Exhibit 10.41
PROMISSORY NOTE
("Note B")
Century Properties Fund XIX
(AZ)
19806-00-0868
March 30, 2007
$3,000,000.00
FOR VALUE RECEIVED
, the undersigned, CENTURY PROPERTIES
FUND XIX, a California limited partnership ("Maker"), hereby
promises to pay to the order of ING LIFE INSURANCE AND ANNUITY
COMPANY, a Connecticut corporation, or any subsequent holder hereof
("Payee"), at the office of Payee, c/o ING Investment Management
LLC, 5780 Powers Ferry Road, NW, Suite 300, Atlanta, Georgia
30327-4349, or at such other place as Payee may from time to time
designate in writing, the principal sum of THREE MILLION AND 00/100
DOLLARS ($3,000,000.00) and interest thereon from and after the
date of disbursement hereunder at five and seventy-nine hundredths
percent (5.79%) per annum ("Note Rate"), both principal and
interest to be paid in lawful money of the United States of
America, as follows:
(i)
Interest only from and including the date
of disbursement of the loan proceeds through and including the last
day of the month, shall be paid on the first day of the month
following the date of disbursement or, at the option of Payee, on
the date of disbursement; and
(ii)
Payments of accrued interest shall be
made on the first day of May 2007 and on the first day of each
month thereafter through and including the first day of October
2008; and
(iii)
A payment of principal in the amount of
One Thousand Dollars ($1,000.00) shall be made on the first day of
March 2008; and
(iv)
Payments of principal and interest shall
be made in 300 successive monthly installments commencing on the
first day of November 2008, and continuing on the first day of each
and every calendar month thereafter up to and including October 1,
2033 (the "Maturity Date") or, upon exercise of Payee's right under
the following paragraph, the Call Date as to which Payee has
exercised its right, all but the final installment thereof to be in
the amount of Eighteen Thousand, Nine Hundred Thirty-Nine and
46/100 Dollars ($18,939.46), and the final installment payable on
the Maturity Date, or, if earlier, the exercised Call Date to be in
the full amount of outstanding principal of this Promissory Note
("Note"), interest and all other sums remaining unpaid hereunder
and under the Deed of Trust (as hereinafter defined).
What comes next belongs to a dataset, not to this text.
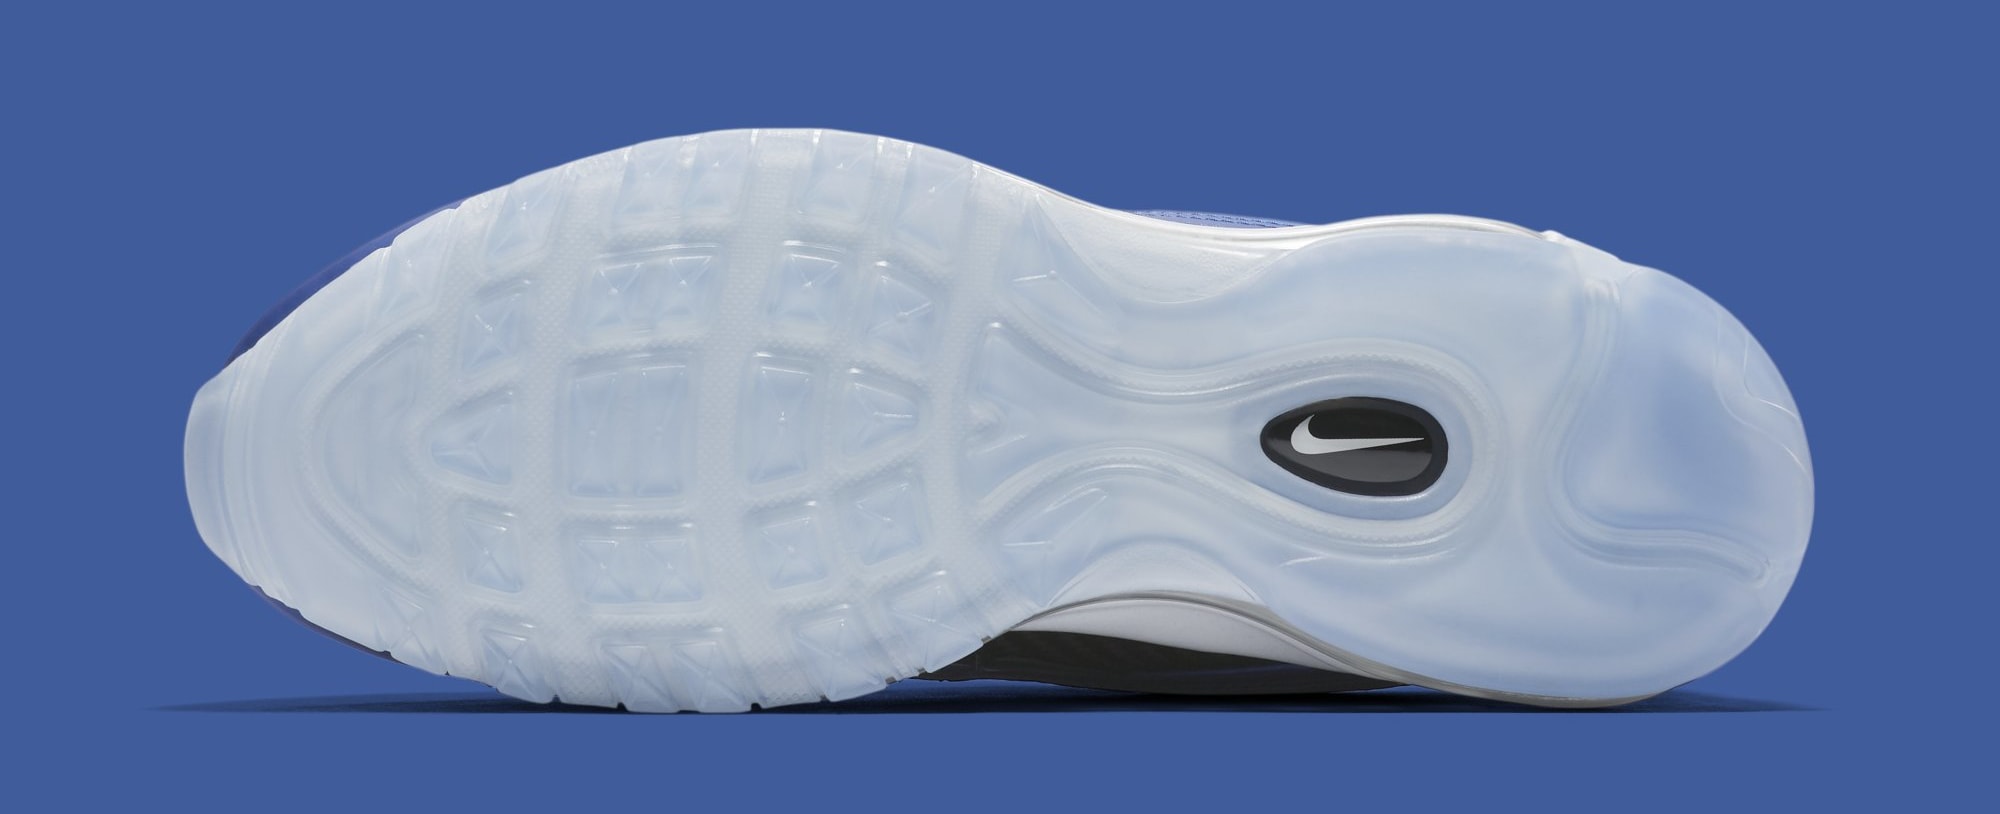 Nike Air Max 97 &#x27;Foamposite&#x27; CI5011-400 (Bottom)

Notwithstanding any provisions of this
Note to the contrary, the Payee reserves the right (the "Call
Option") to declare the entire amount of outstanding principal of
this Note, interest and all other sums remaining unpaid hereunder
and under the Deed of Trust (defined below) to be due and payable
on any of the following dates (each referred to as a "Call
Date"):
(i)
the first day of May 2012;
(ii)
the first day of May 2017;
(iii)
the first day of May 2022;
(iv)
the first day of May 2027; or
(v)
the first day of May 2032.
Such Call Option shall be exercised by
Payee, in its sole and absolute discretion, by giving written
notice to Maker at least six (6) months prior to the Call Date as
to which Payee is electing, which notice shall refer to this Note
and state the Call Date elected by Payee. The exercise of
such right by Payee shall not relieve Maker of its obligation to
make scheduled payments hereunder, or to pay any other sums due and
owing hereunder, between the date of such notice and the elected
Call Date. The exercise of such right by Payee will result in
the original principal amount of this Note not having been fully
amortized by the payment of the monthly installments hereunder
prior to the exercised Call Date, and Maker shall be obligated to
make a payment of the entire amount of outstanding principal of
this Note and interest and all other sums remaining unpaid
hereunder and under the Deed of Trust on the Call Date.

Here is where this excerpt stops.